** Description of the task **
Give all the lines below again, exactly, with no pictures.

** Material provided **
____________
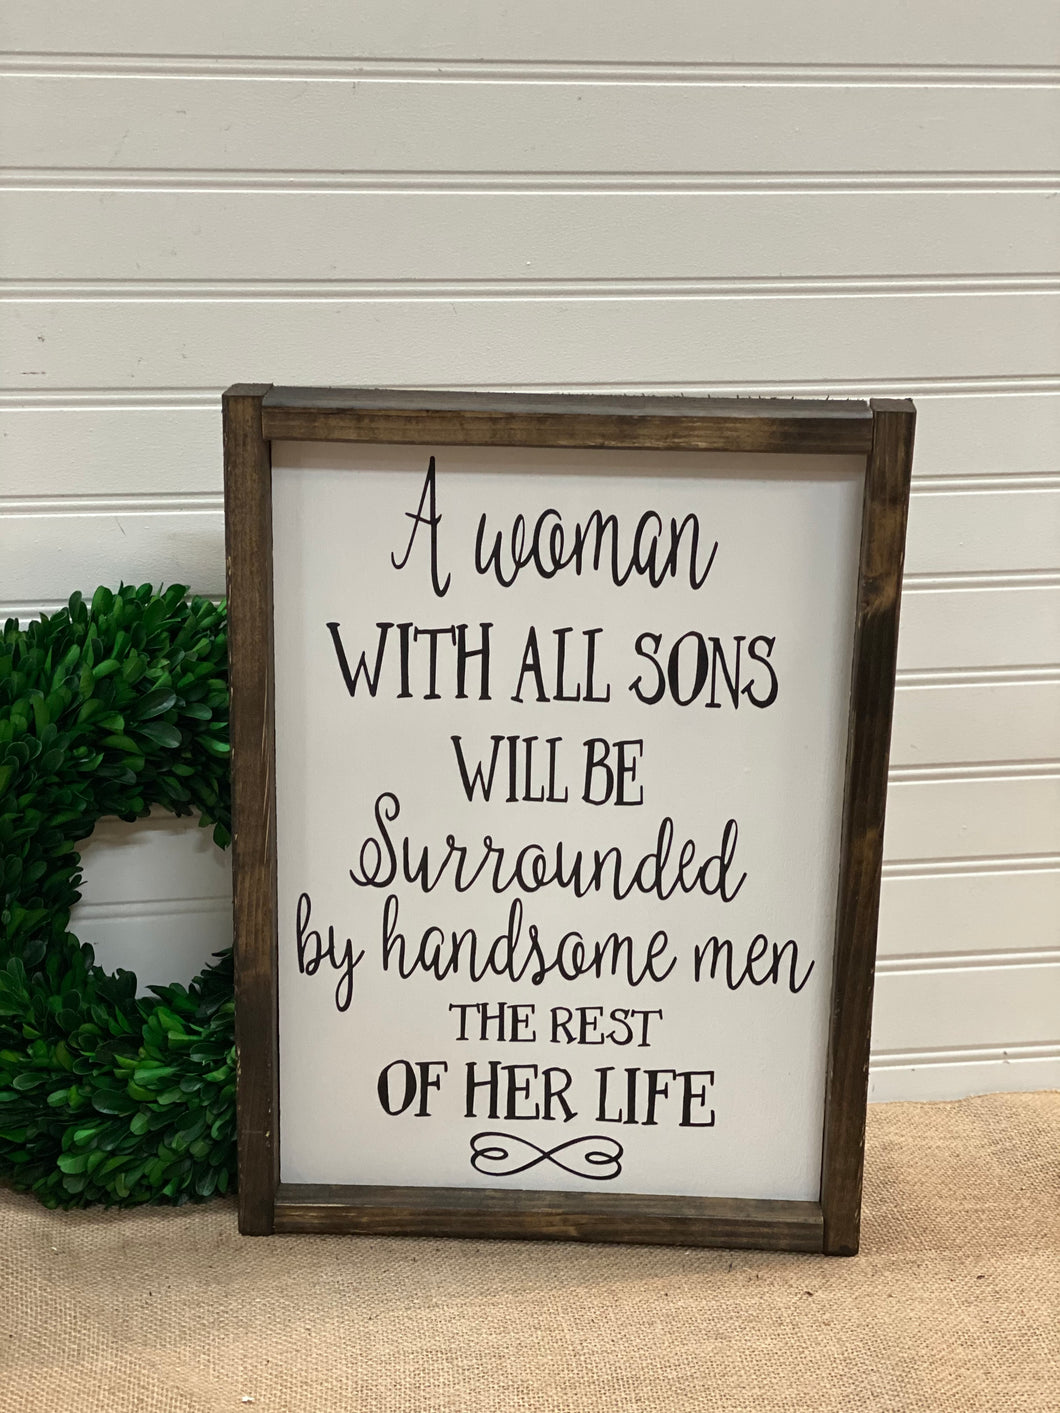 A Woman With All Sons Will Be Surrounded by handsome men the rest of her life
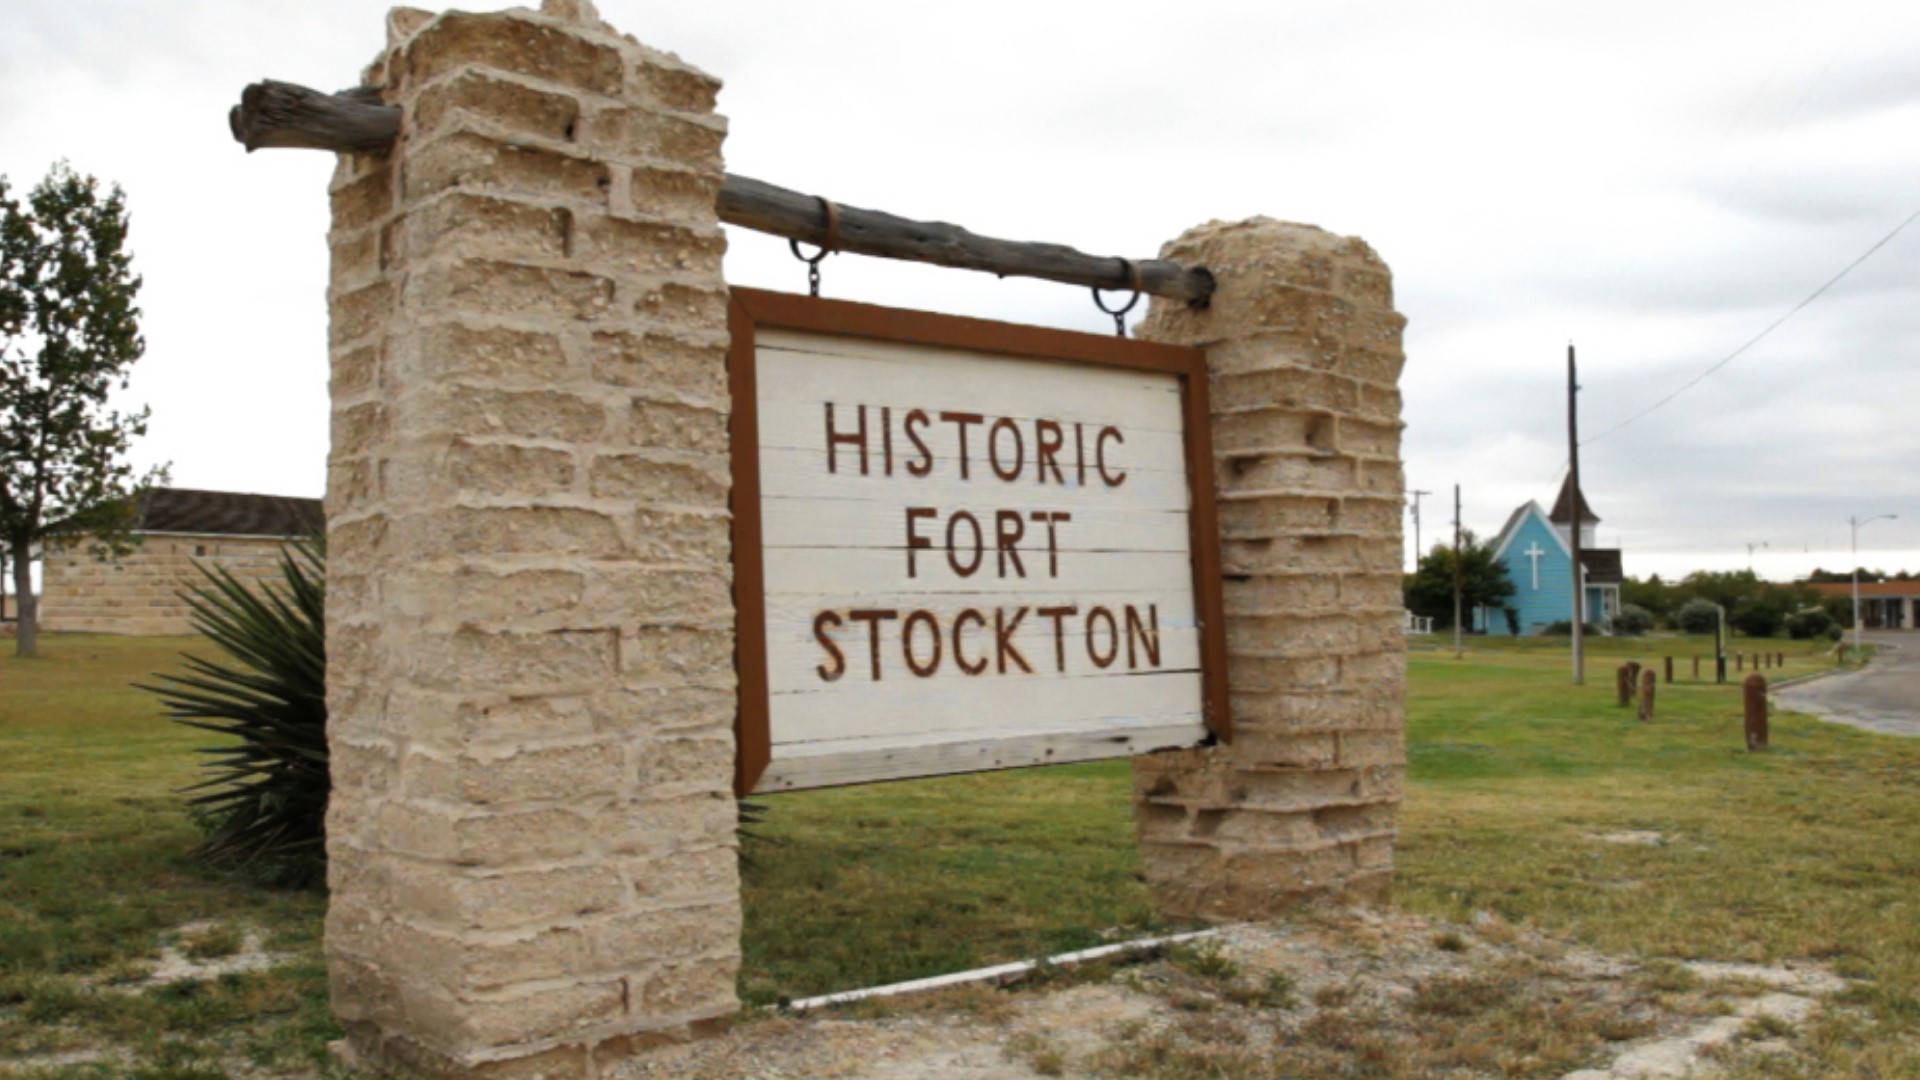 During the weekend Fort Stockton will be transformed back into the frontier of Texas in the 1870s.
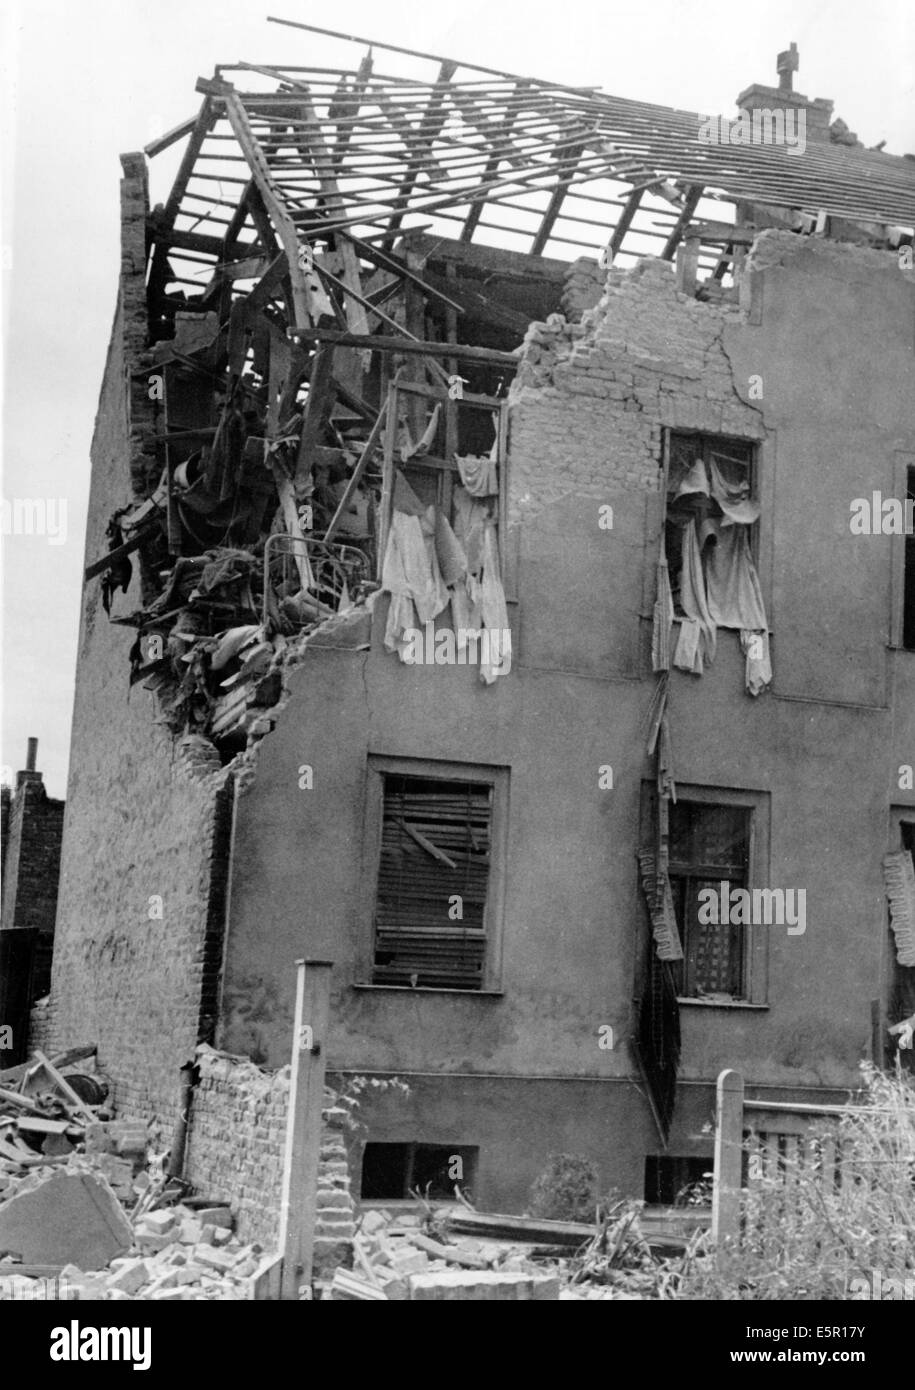 The picture from a Nazi news report shows a destroyed residential building after a British aerial bomb attack in a outer neighborhood of Berlin, Germany, September 1940. Photo: Berliner Verlag / Archive - NO WIRE SERVICE Stock Photo
____________
** Reply **
 A Woman With All Sons Will Be Surrounded by handsome men the rest of her life
 During the weekend Fort Stockton will be transformed back into the frontier of Texas in the 1870s.
 The picture from a Nazi news report shows a destroyed residential building after a British aerial bomb attack in a outer neighborhood of Berlin, Germany, September 1940. Photo: Berliner Verlag / Archive - NO WIRE SERVICE Stock Photo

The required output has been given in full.